João Santos


O homem do cimento


O primeiro emprego é numa agência de viagens. Mas depressa entra no Governo. Desde então nunca mais deixou de estar ligado ao mundo da construção. É, por duas vezes, director regional. Está na base da criação da Cimentos Madeira e é hoje presidente do Conselho de Adminsitração do grupo, que já tem outras empresas.

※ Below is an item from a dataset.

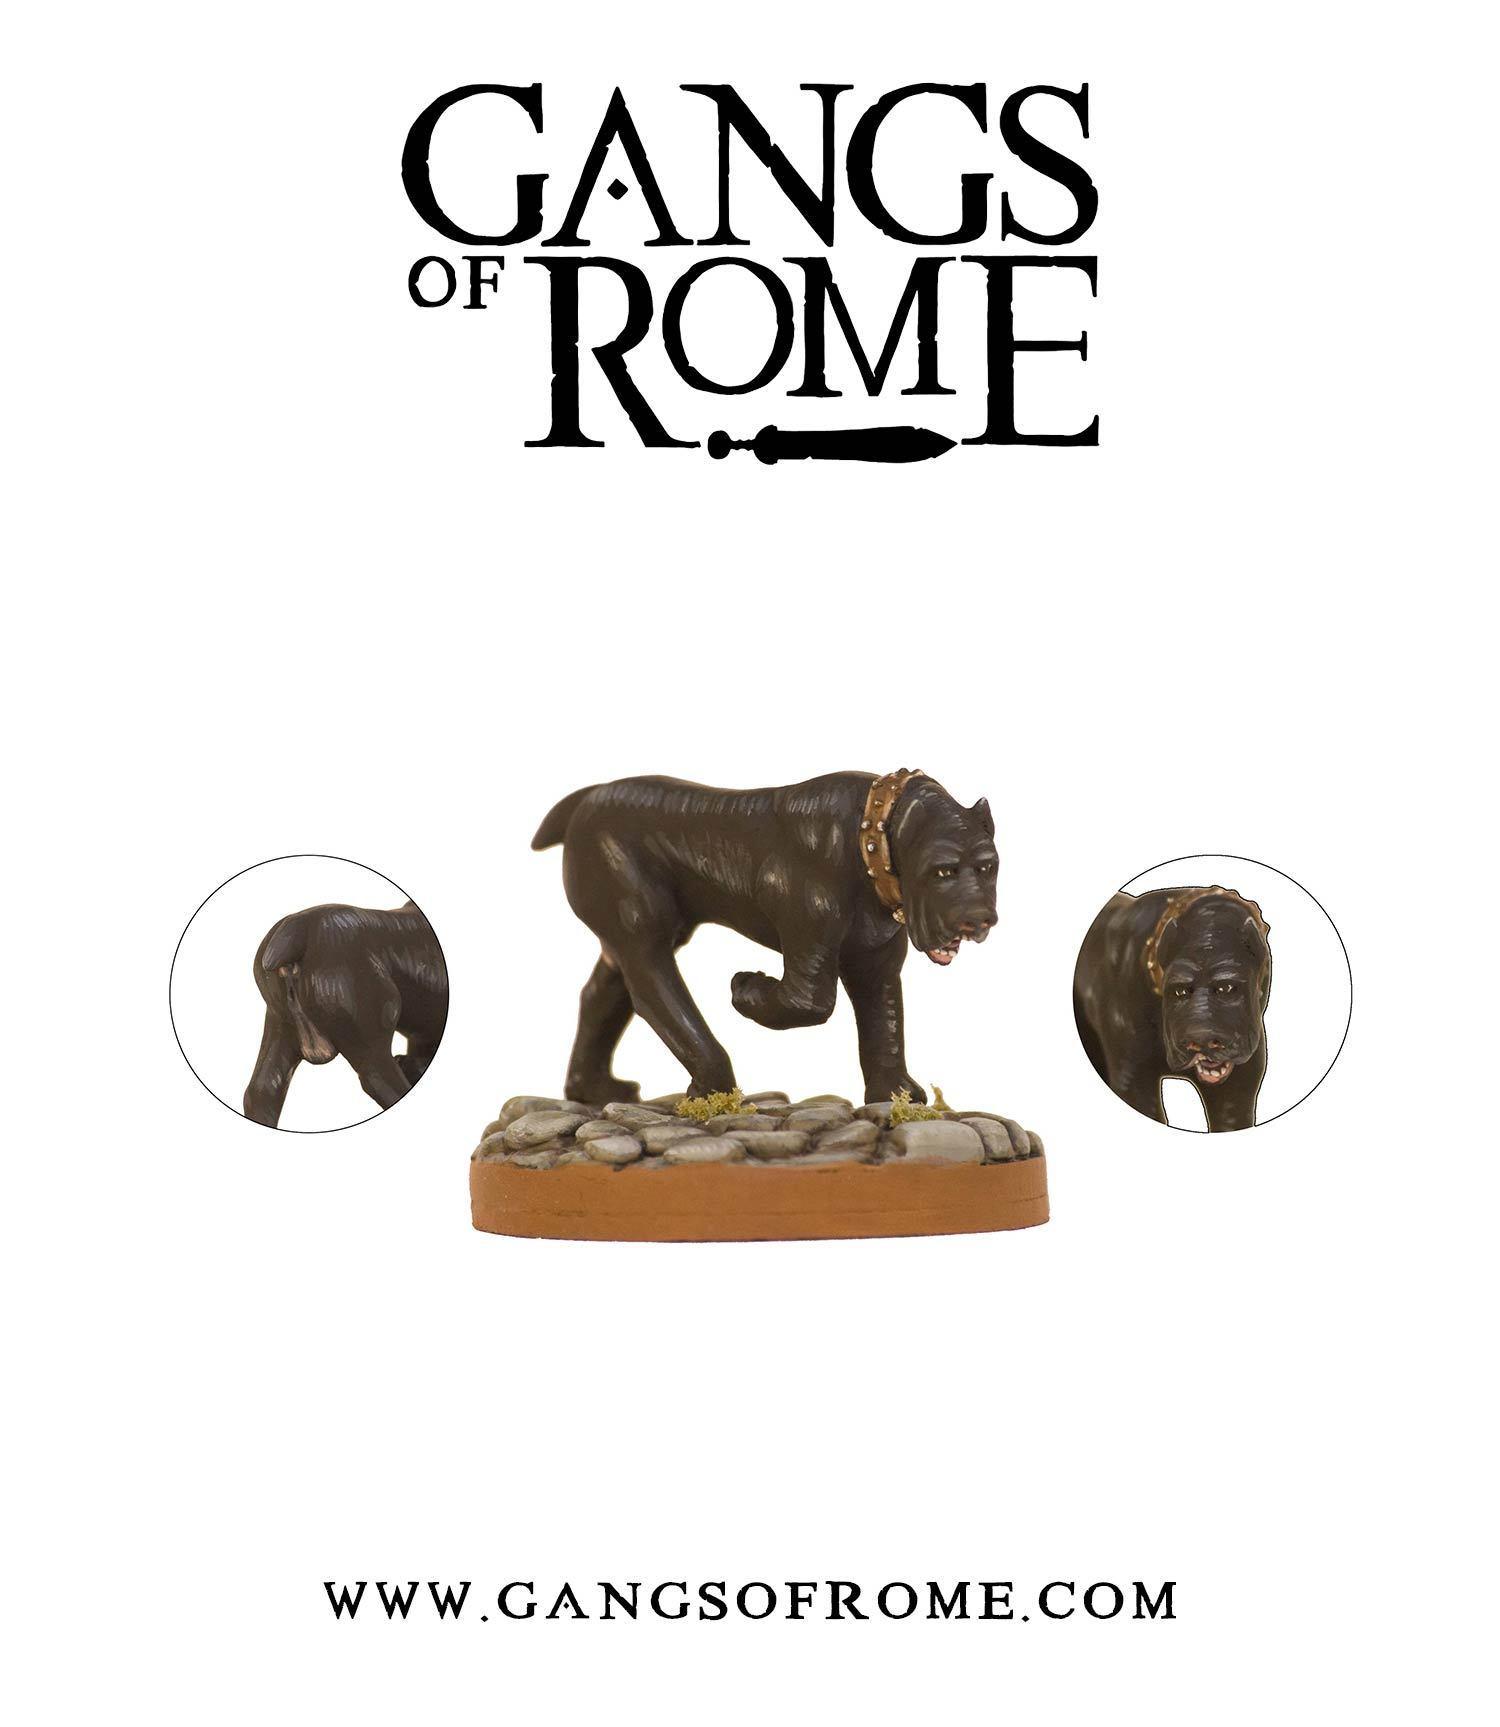 Fierce Mastiff, Gangs of Rome

João Santos faz a primária na escola dos Ilhéus, o secundário, no liceu. É um aluno médio que associa os estudos à prática do futebol. Chega a jogar na equipa do Sporting da Madeira, quando milita na primeira divisão regional.
A dada altura, é chamado a cumprir o serviço militar obrigatório, durante 30 meses. Tem a sorte de não ir para o ultramar. Fica no continente.
Depois, João Santos vai para a faculdade, para o Instituto Superior de Ciências do Trabalho e Empresas, onde tira o curso de Organização e Gestão de Empresas. Termina-o em 1978.

Entrada no Governo

Regressa à Madeira. Tem uma passagem, muito curta, pela agência Ferraz, com ligações familiares.
Em Fevereiro de 1979 entra para o Governo Regional como técnico superior, na Secretaria Regional da Economia.
Dos primeiros serviços que tem no Governo um é o apoio à construção civil da Madeira. Entre outras funções tem a questão do abastecimento de materiais de construção, nomeadamente do cimento, que, naquele início de democracia, começa a ser problema. A Região Autónoma da Madeira inicia então o crescimento e o desenvolvimento, onde a construção tem um papel de destaque.
Em termos concretos, o serviço onde trabalha presta apoio técnico, económico e financeiro. Na prática, está dado o pontapé de saída para o contacto que mantém hoje com esta área.
No início dos anos 80 é nomeado pelo Governo Regional para a comissão administrativa na Cooperativa Agrícola do Funchal.
Consegue, assim, conciliar a parte pública com a privada, que tem mais a ver com a sua formação.

Director regional

Em 1981, é convidado para director regional do Comércio e Indústria. É secretário regional do Comércio e Transportes Miguel de Sousa, antigo colega de liceu e de faculdade, que acompanhará por mais de uma década.
Aceita o novo cargo. Faz com muita agrado e motivação. É uma experiência relevante na sua vida, que lhe permite um contacto ainda maior com a economia regional.
Por força do cargo é representante da Região no Conselho Nacional de Qualidade, o que lhe permite uma maior sensibilidade para esta questão, sobretudo numa terra que tem o turismo como principal actividade económica.
O apoio prestado inicialmente vai diminuindo ao mesmo tempo que a economia se desenvolve, com as empresas a encontrarem o seu mercado.
Mantém-se, contudo, a questão do cimento.

A solução do problema

Nesse âmbito, João Santos está ligado à solução de um problema que ajuda a responder ao crescimento e ao desenvolvimento na construção no sentido de encontrar ligações públicas e privadas, concretamente entre o Governo Regional e as duas empresas cimenteiras que corporizam o sector cimenteiro nacional: Cimpor e Secil.
É dessa comunhão de interesses que se inicia o processo de construção da Cimentos Madeira. Em 1984, é constituída a empresa. Cumulativamente, é nomeado gerente e director executivo por parte do Governo na fase inicial da empresa.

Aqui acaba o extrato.